Wednesday, December 15, 2010

TBR Challenge 2010: Welcome To Pleasantville

The Book: A Town Called Christmas by Carrie Alexander

The Particulars: Harlequin SuperRomance #1455, 2007, Out of Print. However, it is available to purchase digitally.

Why Was It In The Bat Cave TBR?: Carrie Alexander is an autobuy for me in the HSR line. Also, it's a Christmas story. I'm a sucker for a Christmas story - which I'm beginning to think the diabolical minds at Harlequin headquarters are all too aware of.

The Review: Michael Kavanaugh is a Navy pilot who has just received a Dear John letter from his fiancee. His BFF hates to think of his freshly-jilted buddy alone, over the holidays no less, and talks Michael into coming home with him to Christmas, Michigan (yes, this town does exist). Once there he meets Nicky's sister Meredith "Merry" York. Michael falls hook, line and sinker. He's so dazzled that he fails to notice, at first, that she's 5 months pregnant.

Merry had a great job, great condo and who she thought was a great boyfriend in Chicago. Then she ends up preggo and it all goes to Hell. When her father takes sick, Merry comes home to tiny, claustrophobic Christmas to take over the family tree farm. She has resigned herself to being alone. To raising her baby alone. And then Michael shows up, making her heart go pitter-patter. But he's only on leave for a week, and, oh yeah, she's pregnant. Michael doesn't strike her as the kind of guy to sign up for that kind of commitment after one week.
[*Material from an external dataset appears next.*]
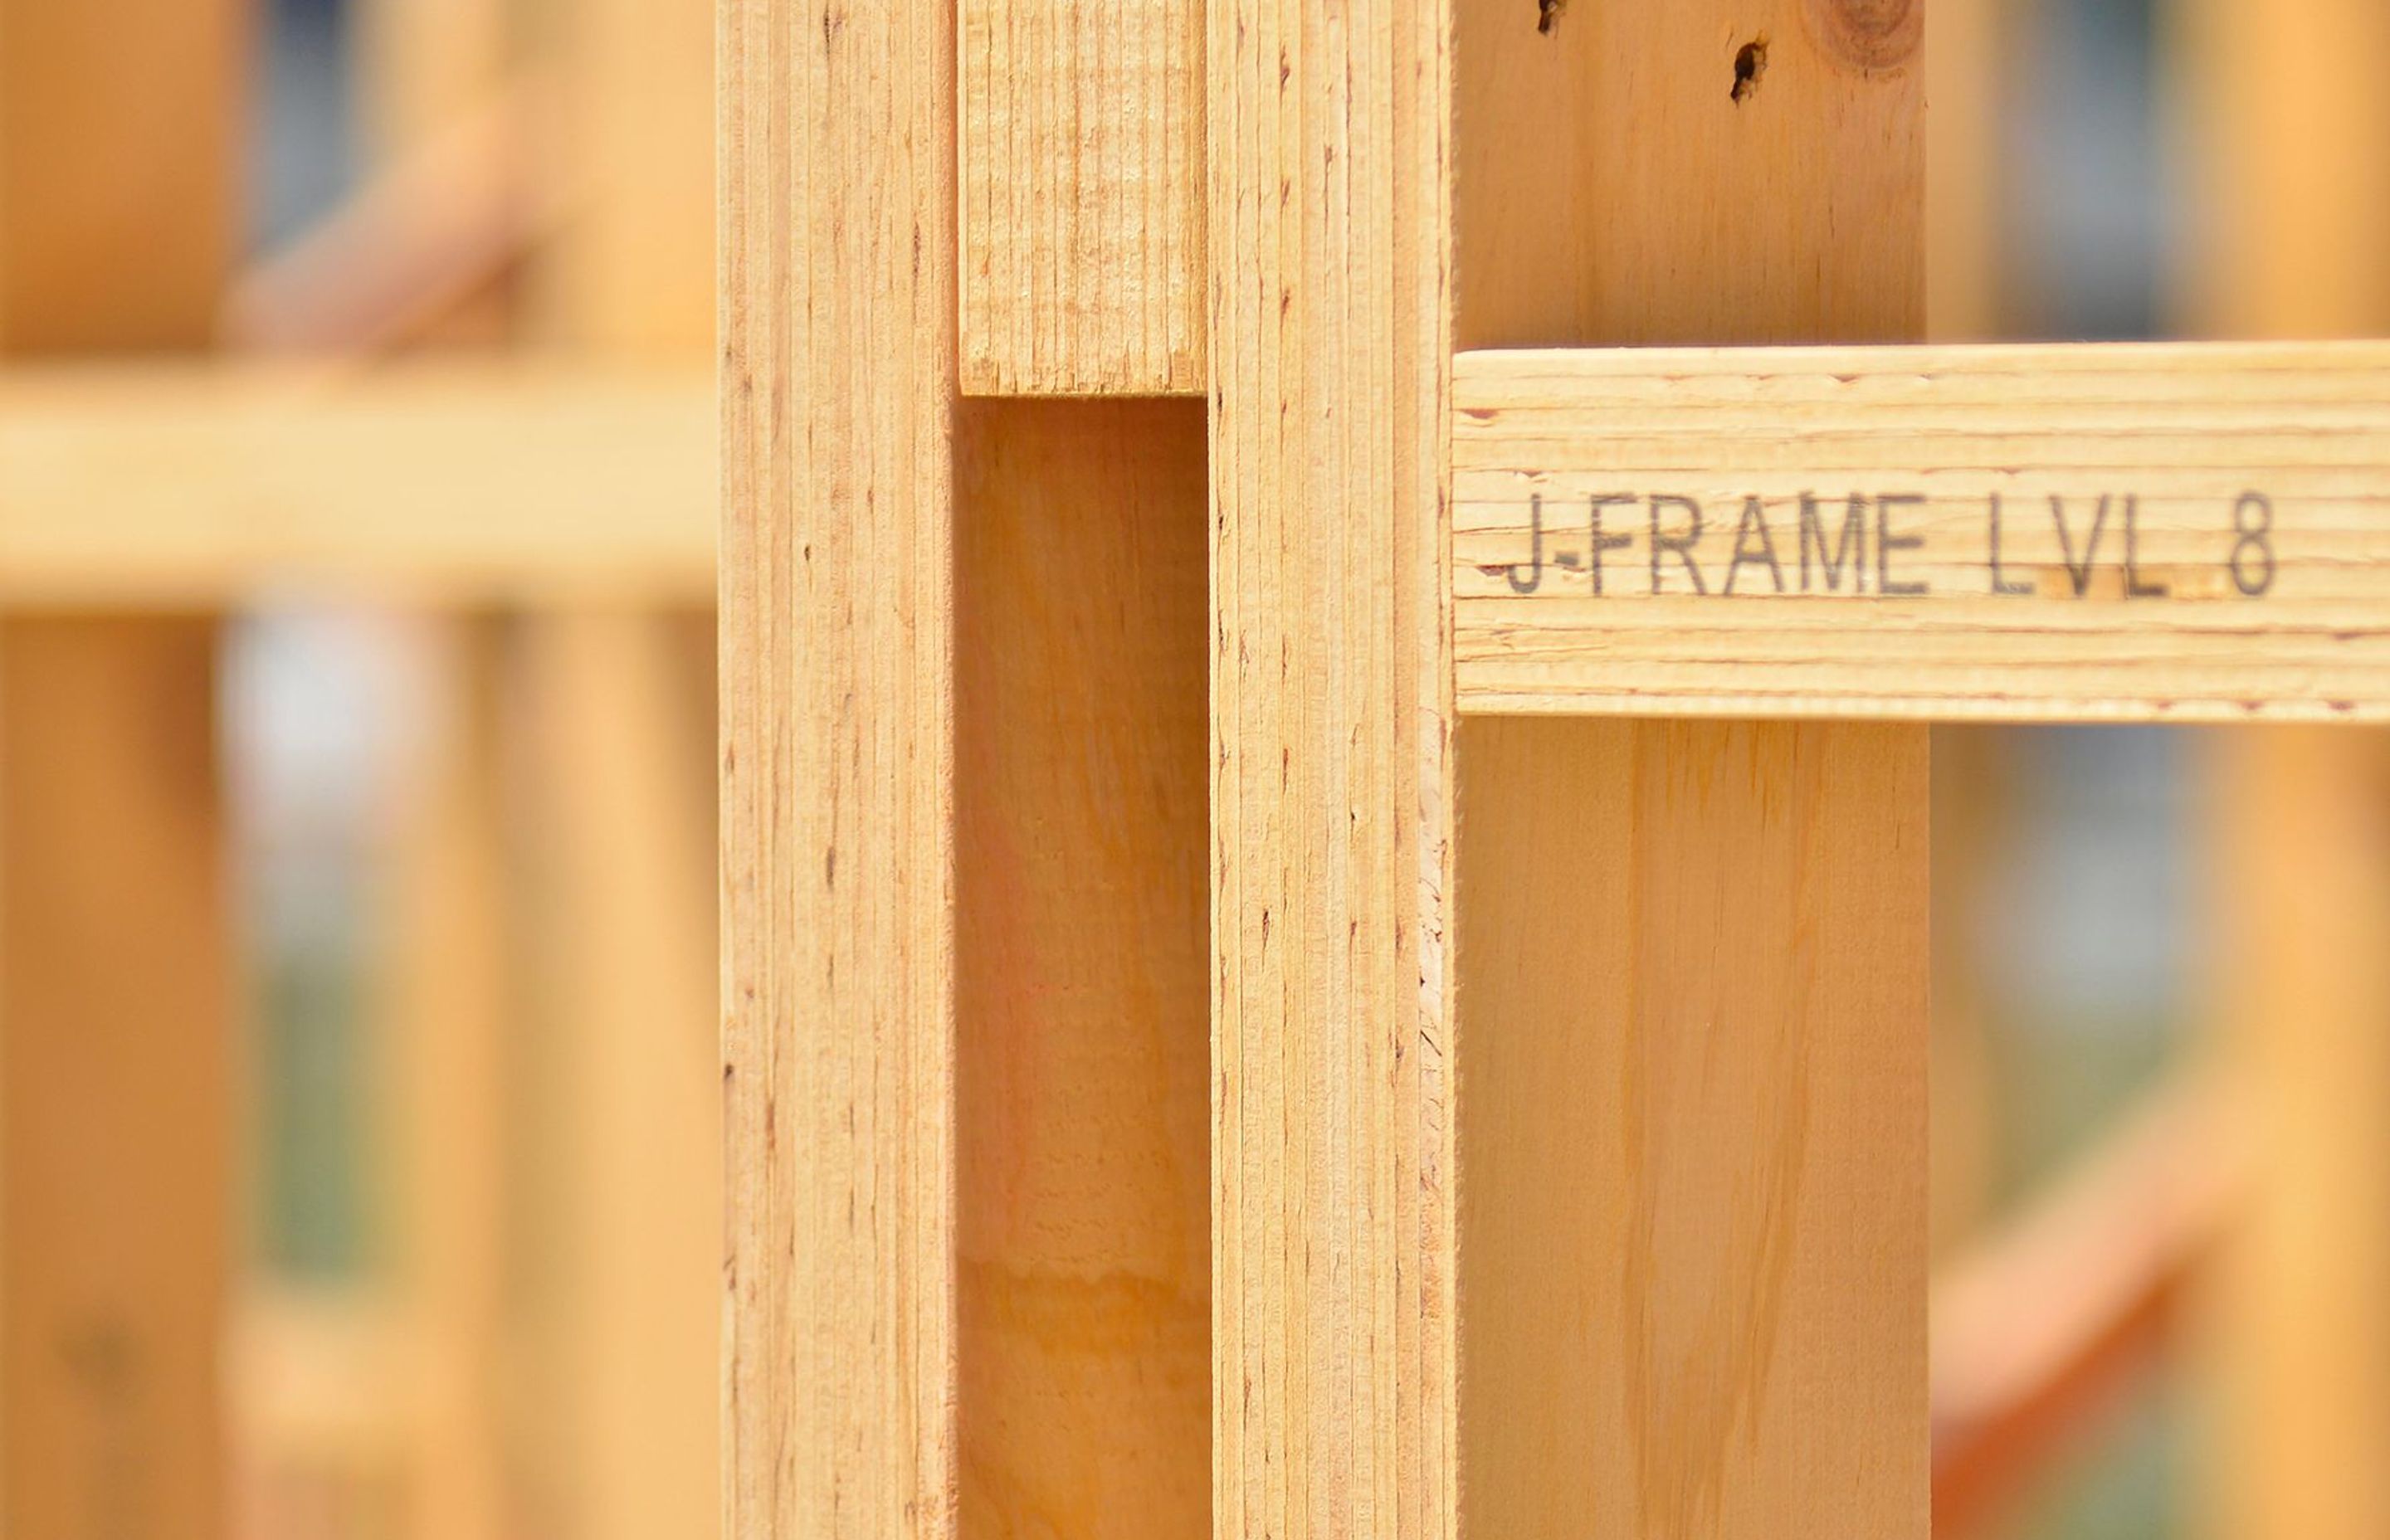 J-Frame: Premium Framing with Outstanding Results

One thing I like about many of Alexander's Supers is that she uses Michigan's Upper Penisula as a setting. You've got beautiful scenery, good local color, plenty of characters, and she's from the area - so she writes it with authenticity. However in this case, I felt like I was reading a love letter to the U.P moreso than a romance between hero and heroine. Plenty of time is spent on the town of Christmas and the "local color" that is the holiday celebrations. Likewise, this is a big, involved family-type story. The HSR line is great because the stories are longer, so authors can toss in some secondary characters and subplots. But here it felt like too much. You've got brother Nicky, his wife, and their kids. You have 20-year-old sister Noelle and her boyfriend. You have Mom and Dad. You have a cantankerous aunt. There's also a secondary romance between the local fix-it repair woman and a shy, bashful writer. Between all those people and the Christmas goo-ga, Merry and Michael felt a little lost in the shuffle.
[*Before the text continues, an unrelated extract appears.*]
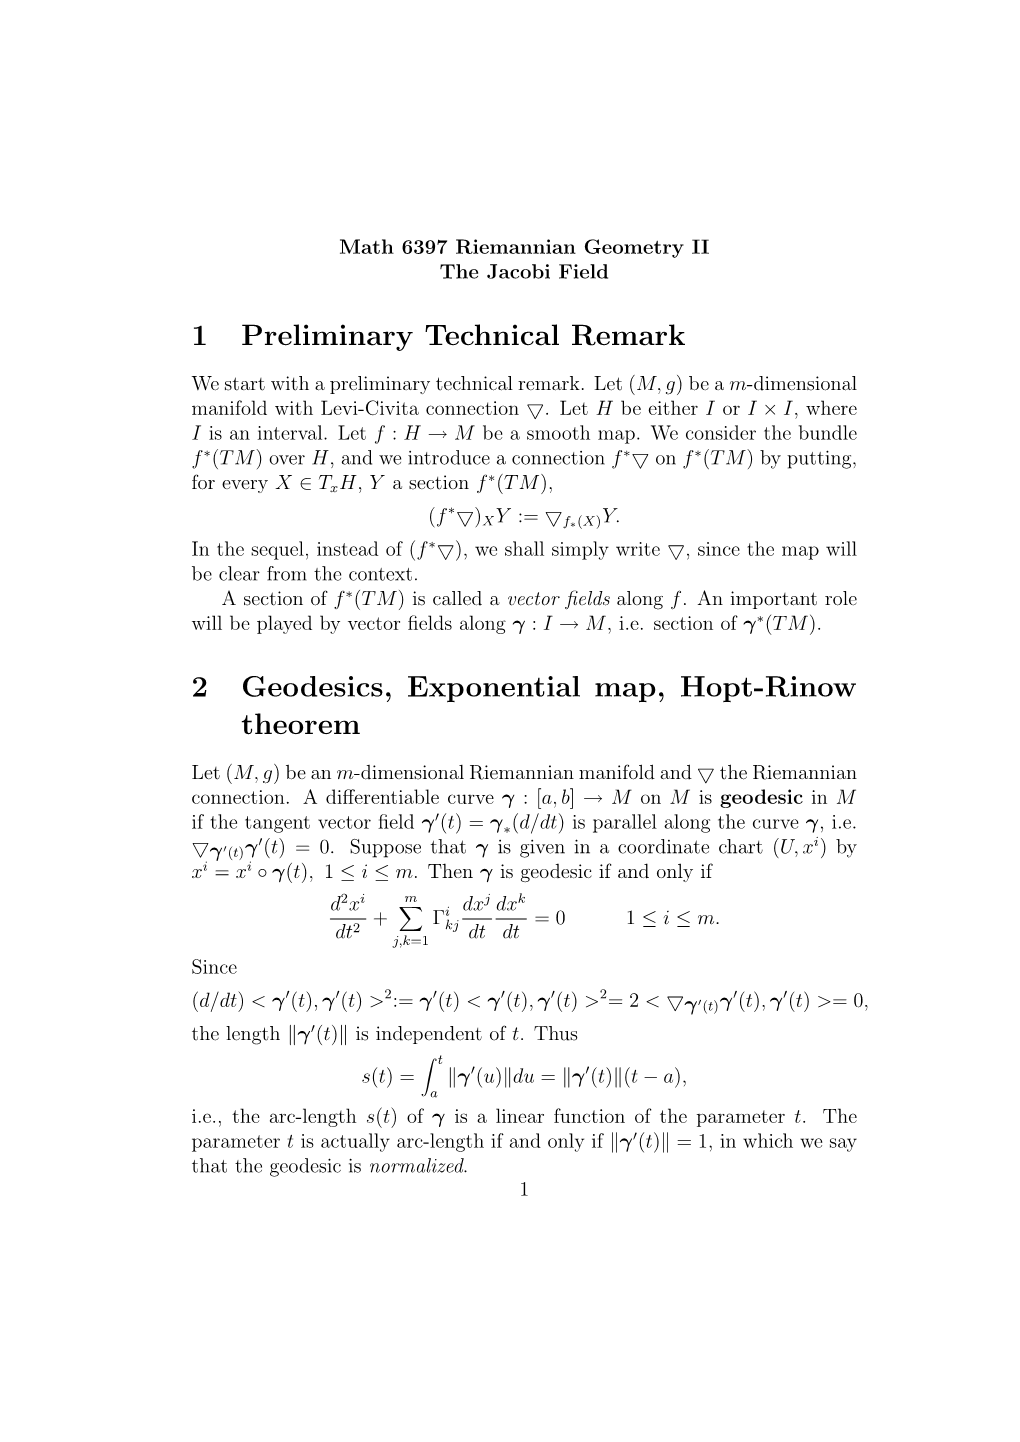 1 Preliminary Technical Remark 2 Geodesics, Exponential Map, Hopt

This is also one of those Small Town = Goody Goodness type stories. Which is fine. Really. But one thing I learned? These types of stories tend to work a lot better for me if there's a wee bit of angst in the proceedings, and this whole romance felt a little too easy to me. Yes, even with Merry being knocked up by another man. Yes, even with Michael being on the rebound. It should have been more angst-y, but wasn't. Even when Michael is debating about spending time with Merry, he does anyway. He pays lip-service to not getting too close, but then these two keep hanging out together. And they fall into their relationship like slipping on that ratty old pair of slippers you keep around because dang, they're so darn comfortable.

None of this makes this a bad book - just sort of ho-hum. It's certainly pleasant, and these are nice enough folks. Sure I was flummoxed why Merry wanted to keep the identity of the Baby Daddy under wraps from her family (even though it's obvious!) and sure it irritated that her mother was supposedly "scandalized" by her unmarried daughter's pregnancy even though Merry is thirty-frickin-six years old. But whatever. When you're born, raised and die in a small town - never leaving said town - scandals can be stuck in the 1950s.
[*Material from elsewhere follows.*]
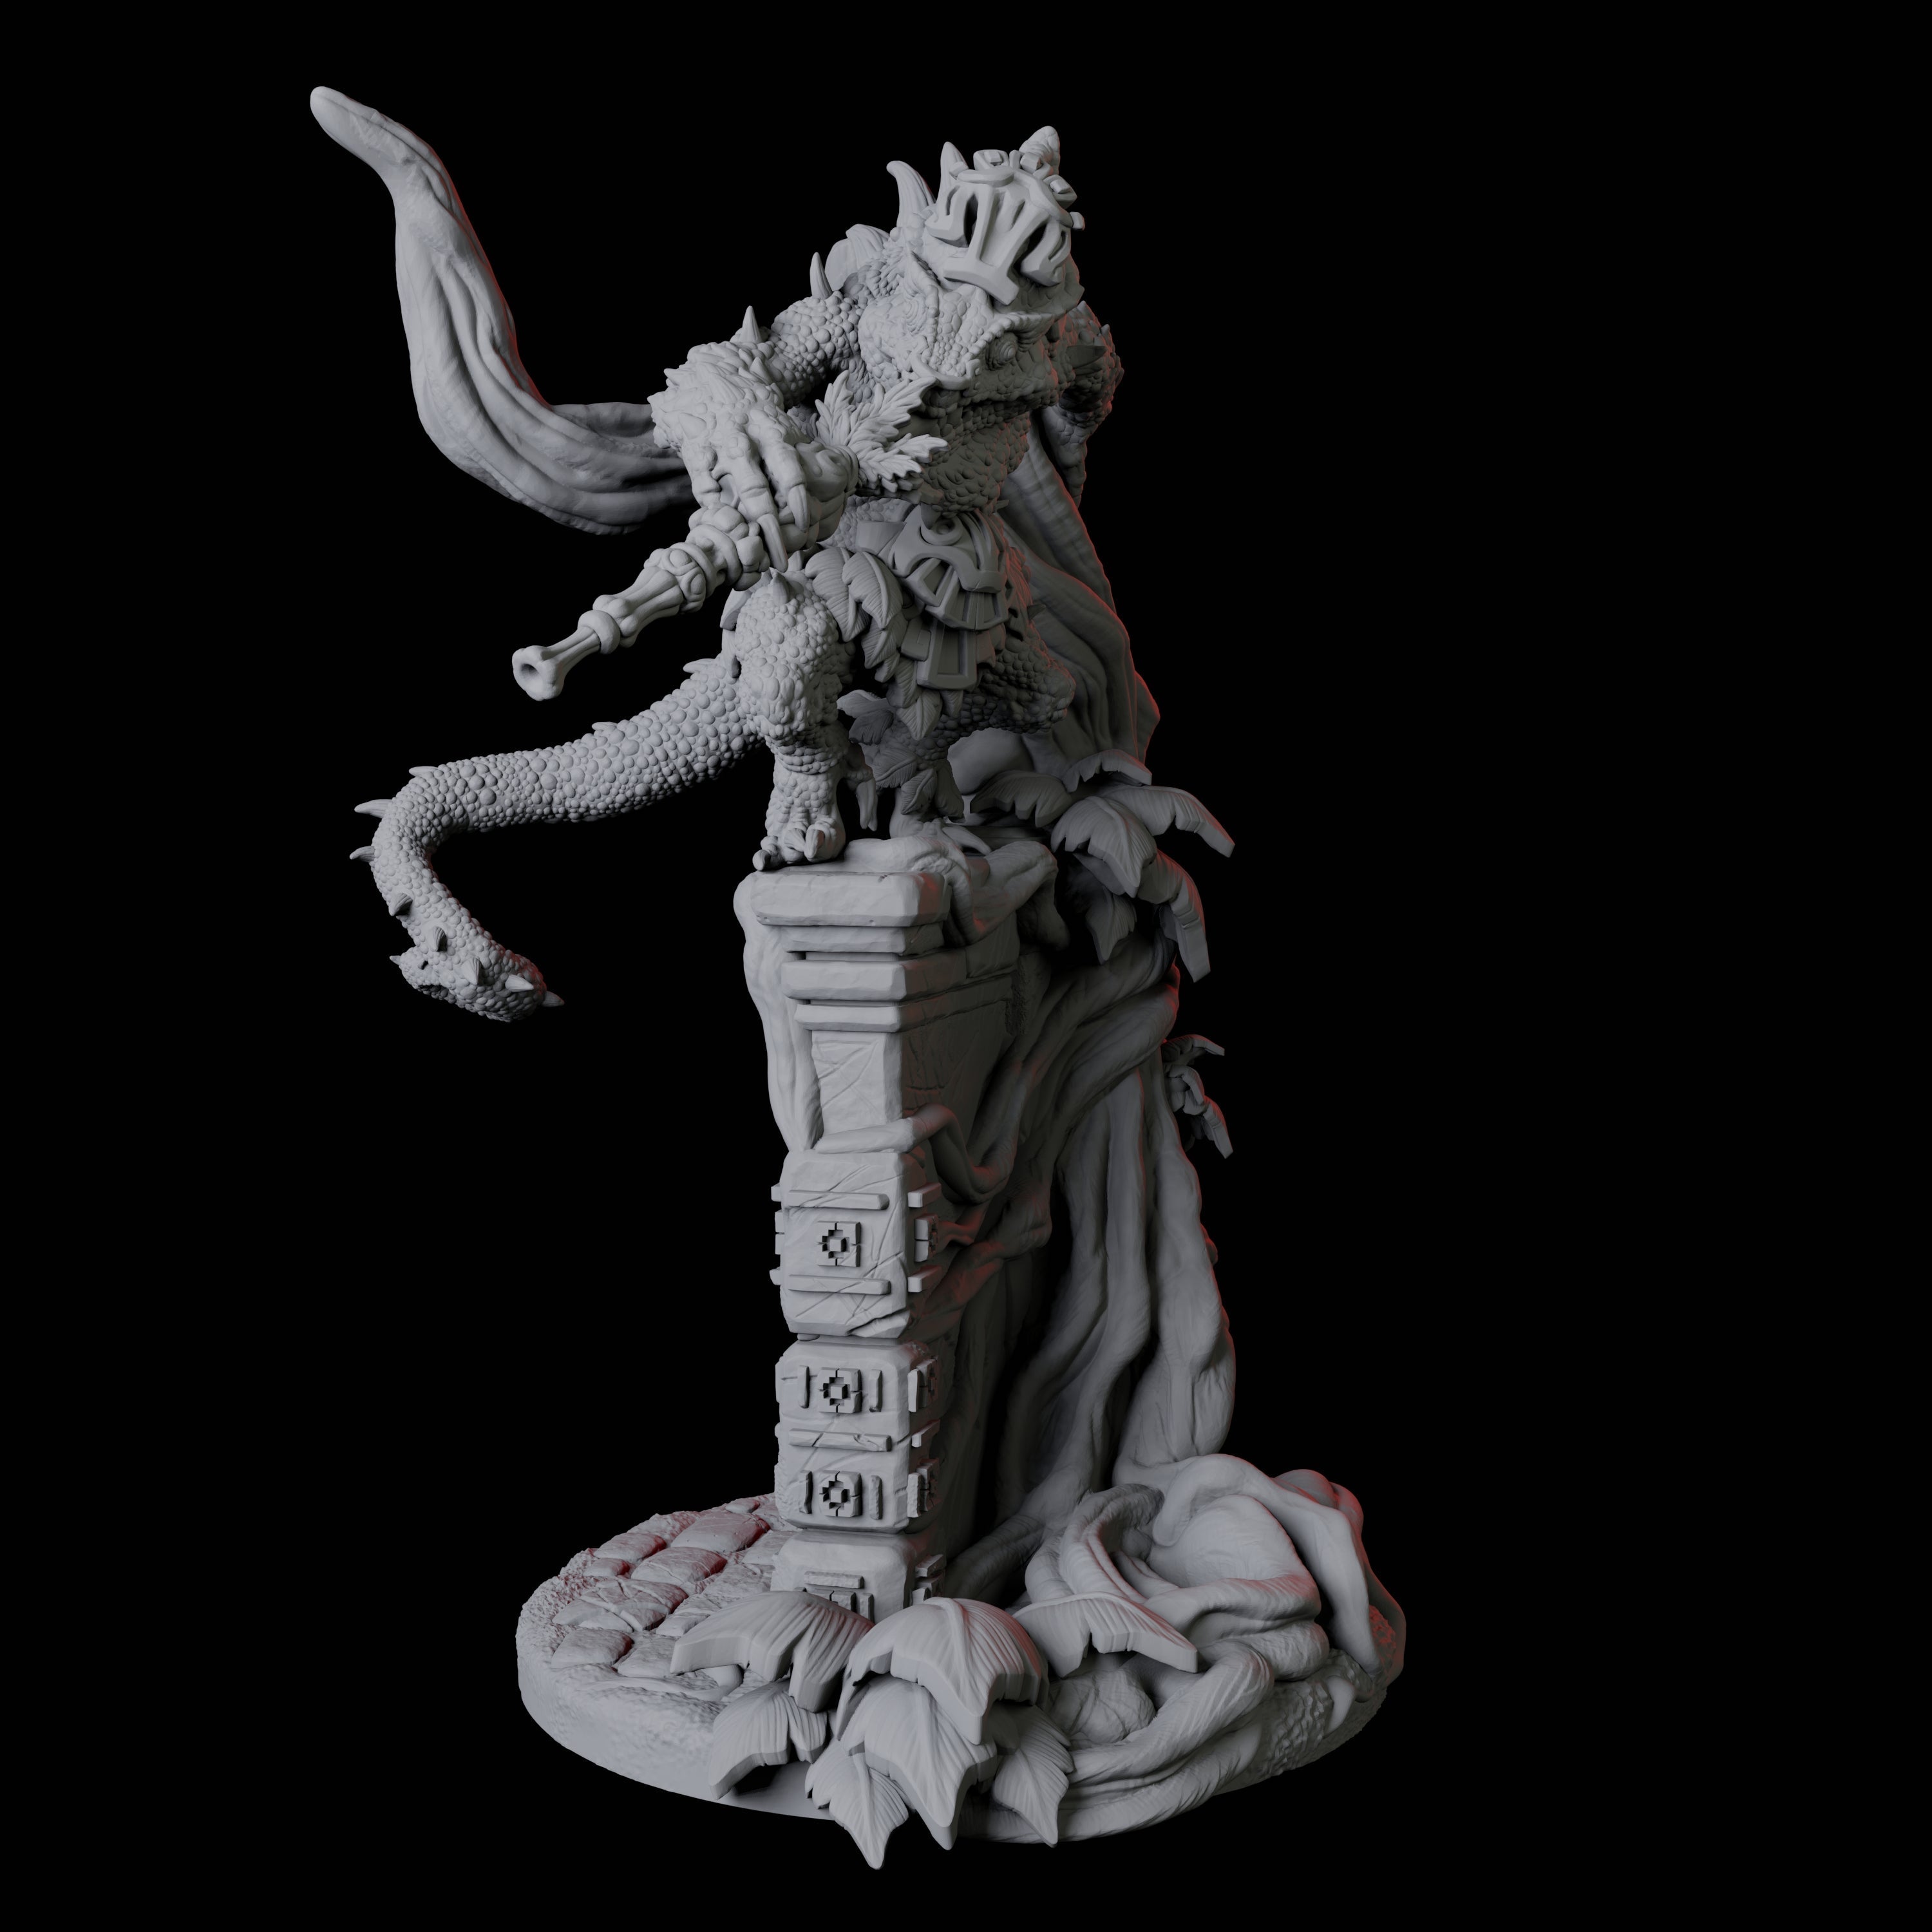 Grung Rogue C Miniature for Dungeons and Dragons, Pathfinder or other TTRPGs

Where does that leave me? Well, this story is just sort of there. If you're a reader looking for a simple, uncomplicated romance with that cozy small town vibe? This one just might do it for you. Sometimes you just need a read like that. No vampire lurking behind dark corners. No serial killers waiting in the bushes. That said, this one didn't really light a fire under me either way (no, OMG LURVE! and no, OMG BLEEDING EYES!). So yeah. Sorta there.

Final Grade = C


Hannah said...

Thanks for the review! I think I can skip this one, especially because I bought so many of the holiday-themed Harlequins in the Superromance, Harlequin Romance, and Special Edition lines this year. I'm especially looking forward to reading the new Sarah Mayberry, The Best Laid Plans (I think that one is not set at the holidays though)

Anonymous said...

I'm not sure I could take the cute factor of the nickname Merry. Then again, the question I've been asked most in my life is, "Why didn't your mother name you Merry?" So I'm jaded. :)

Oh, and I suppose I should last name is Christmas.

Wendy said...

Hannah: There have been some years where I've bought ALL the holiday offerings in certain lines. Sigh.

Elissa: LOL! I normally really enjoy how Alexander writes small towns/communities - but this one definitely veered into cutesy territory a few times for me.